The modern world's move to _capitalism_ from feudalism, circa 1800-1900
involved a move from dictators (feudal lords) who could demand anything from
their vassals on a life-long basis to a world in which workers and
professional entered into definite _contracts_ with employers for _limited_
purposes.

Capitalism, even according to its proponents, is an adversarial system. It's
just hopefully a adversarial system to brings benefits to all concerned at the
end of the day.
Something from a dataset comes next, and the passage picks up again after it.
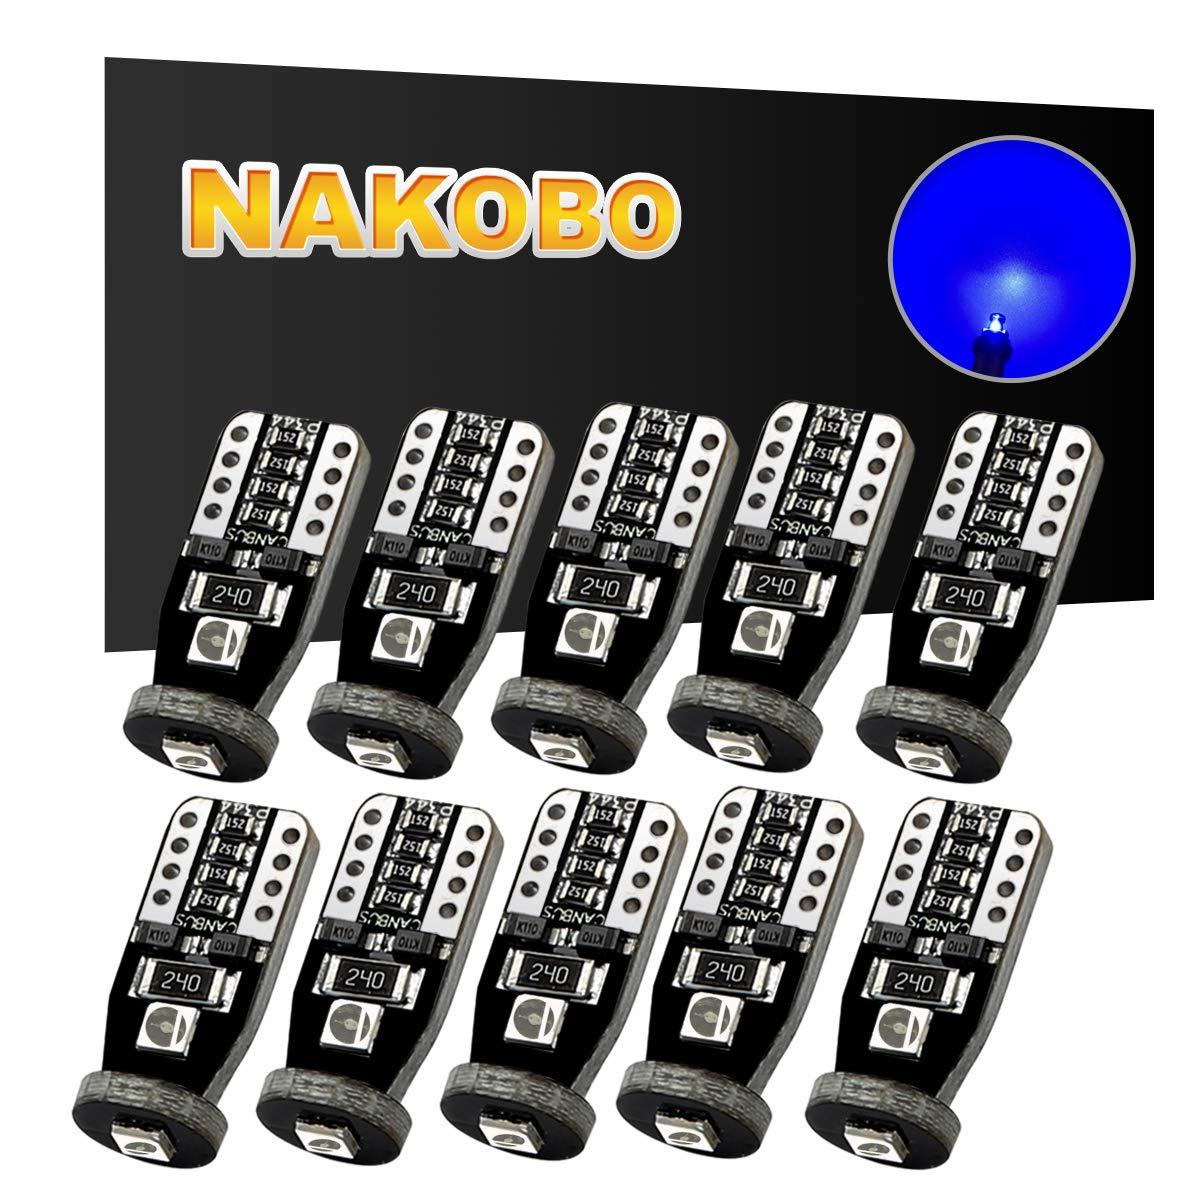 Nakobo 1500 Lumen 7443 7440 7441 7444NA T20Led Bulb for Brake Back up RV Tail Lights Smart IC 27SMD Newest 3030 Chips 12-24V Pure Red, Pack of 2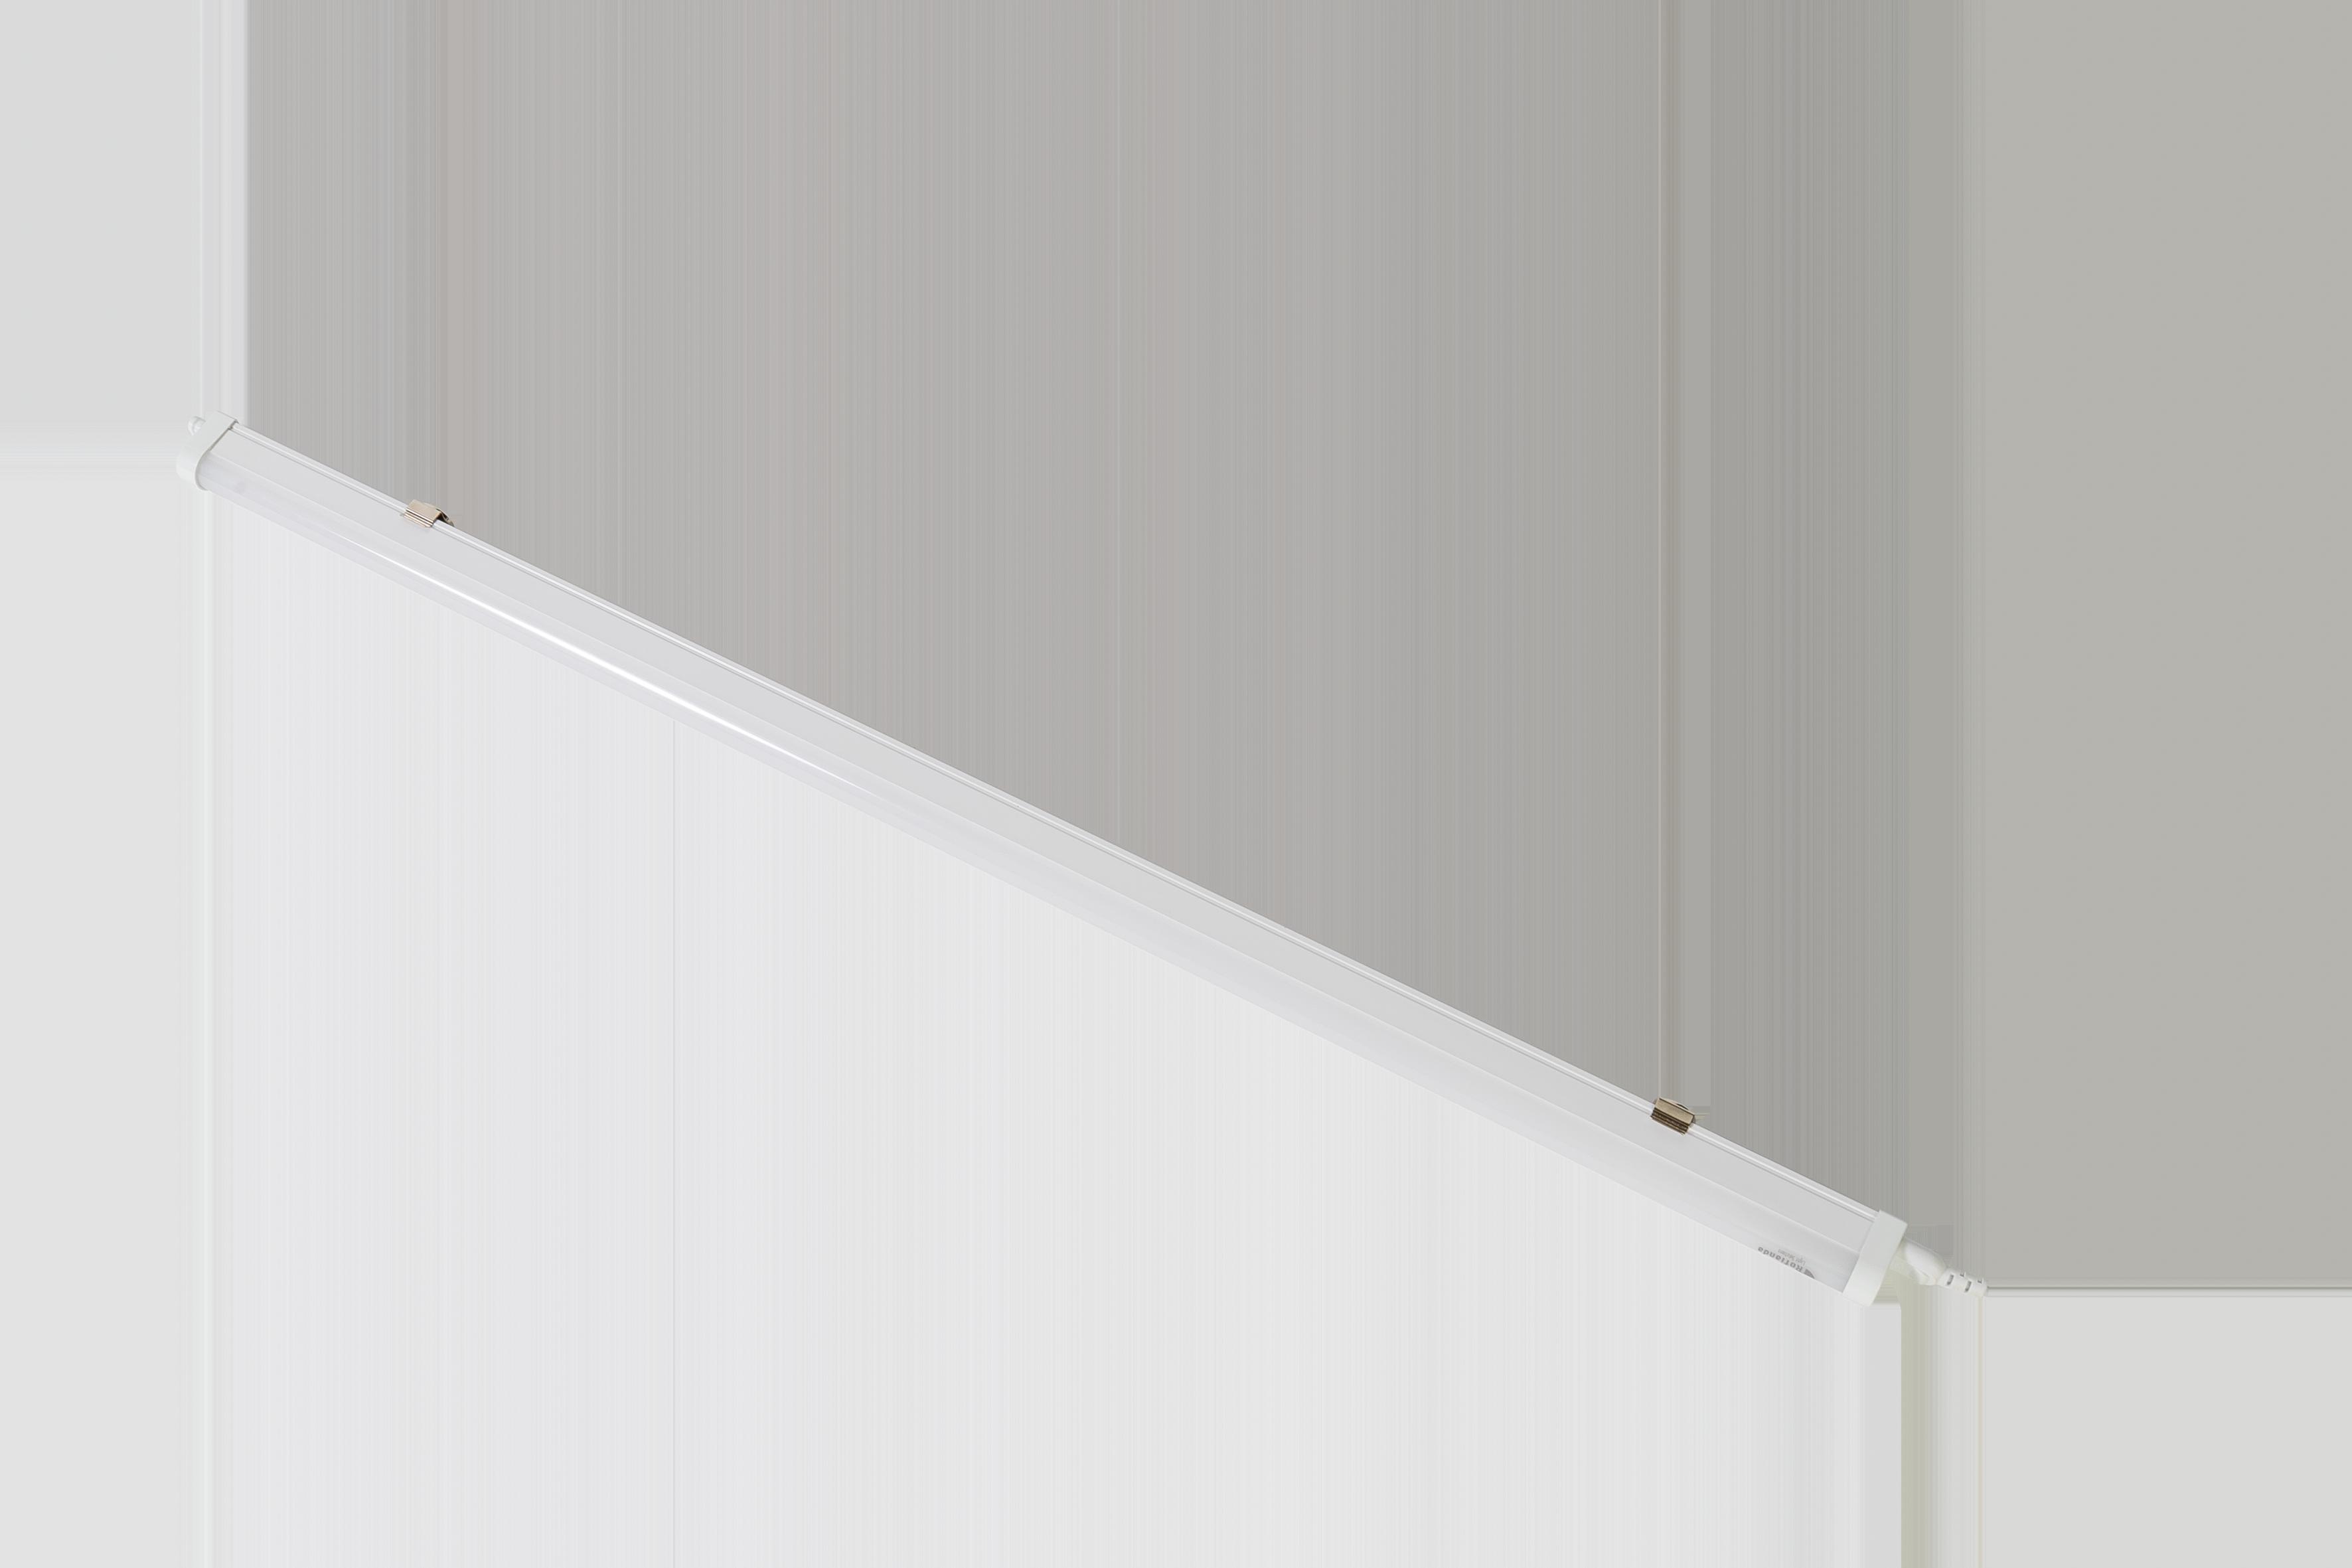 Kweekverlichting met LED

But you don't get those benefits if you surrender in the
middle of the day - "negotiate not and ye shall not receive..."

It's problematic if your employers has demanded to hire a "human being of
their choice" rather than a human being who will competently accomplish a
codified job in a competent manner.

Try the phrase "I don't see what's wrong an employer giving a _human being_ a
job evaluation" in contrast to "I expect to be evaluated based on my ability
to accomplish a job" For _a human being_ , "I didn't like their hair" might be
legitimate as a complaint. But

Your employer is giving you something _limited_ a wage. You owe them something
limited too -

This is as much for the benefit of the employer as the employee. An employer
who works according to objective criteria is going to accomplish their money-
making tasks better than one that gives in to arbitrary criteria and demands.
Sometimes it the employees who need to remind the employers of this.

------
dpapathanasiou
This is neither new nor remarkable.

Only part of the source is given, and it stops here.